To stave off further instability in the U.S. capital markets, the Treasury Department announced Friday that it had established a temporary guaranty program for the U.S. money-market fund industry.
The pool, known as the Exchange Stabilization Fund, provides up to $50 billion to guarantee payments to investors in money market funds whose value falls below $1 per share. Maintaining the dollar mark is considered critical to making sure that investors feel that their deposits are safe.
Money market funds are a key savings and investment vehicle for America’s retail investors; however, they are also a basic source of financing for the capital markets and financial institutions. Therefore, by bolstering the funds with a government guarantee, Treasury hopes to stabilize financial markets and keep liquidity concerns and an already tight credit market at bay.

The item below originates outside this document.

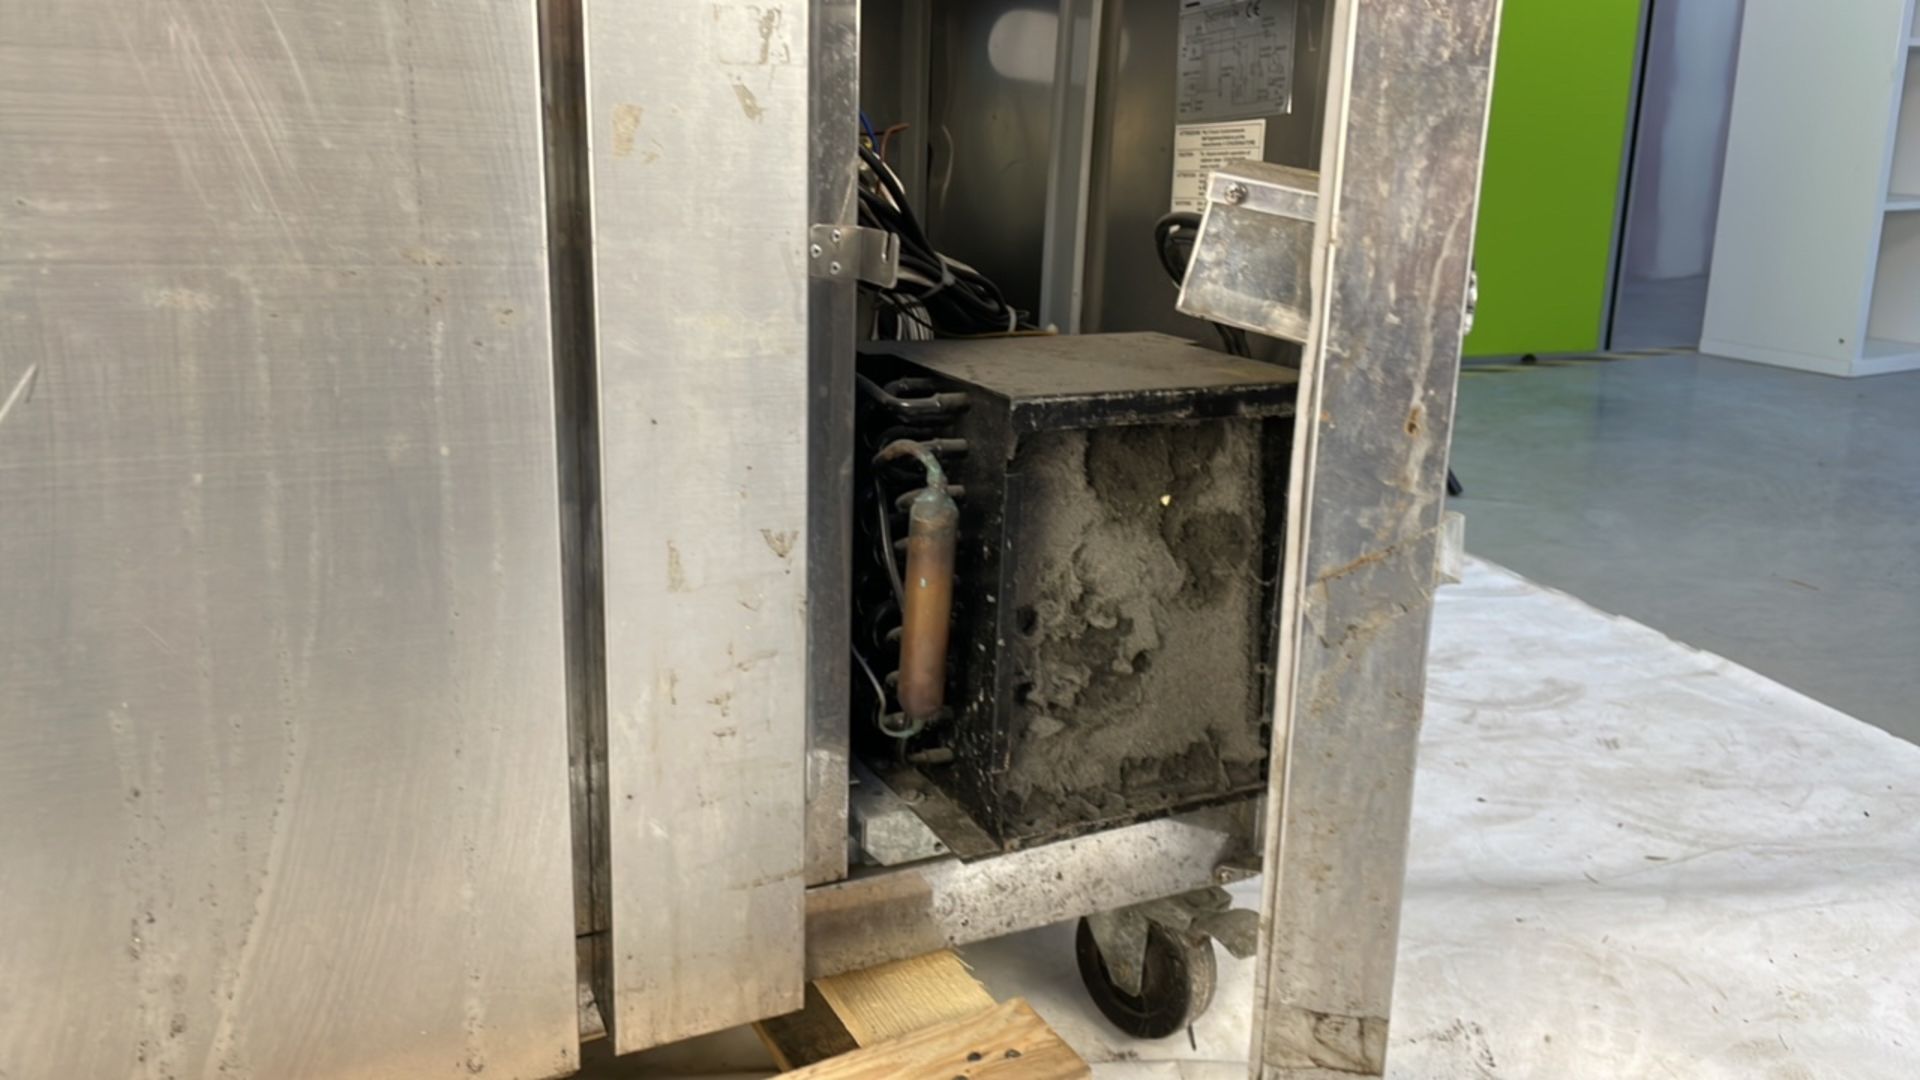 Polar counter gastro refrigeration 2 door - Image 3 of 5

In effect, for the next year the U.S. Treasury will insure any publicly offered eligible money market fund — both retail and institutional — that pays a fee to participate in the program. Investors in money market mutual funds with a net asset value that falls below the dollar mark would be notified that their fund triggered the insurance program.
On Wednesday the Securities and Exchange Commission rushed out an accounting “clarification” aimed at allaying a potentially huge fear among banks: that providing financial support to money market mutual funds could require that those funds appear on the banks’ balance sheet. “[B]ank support of money market mutual funds generally does not result in a requirement to present the fund on-balance sheet,” the SEC’s office of the chief accountant said in a release.
President Bush approved the use of authority by Treasury Secretary Henry Paulson to make the guarantee available. The temporary insurance is similar to existing guarantee programs that currently protect savings deposits.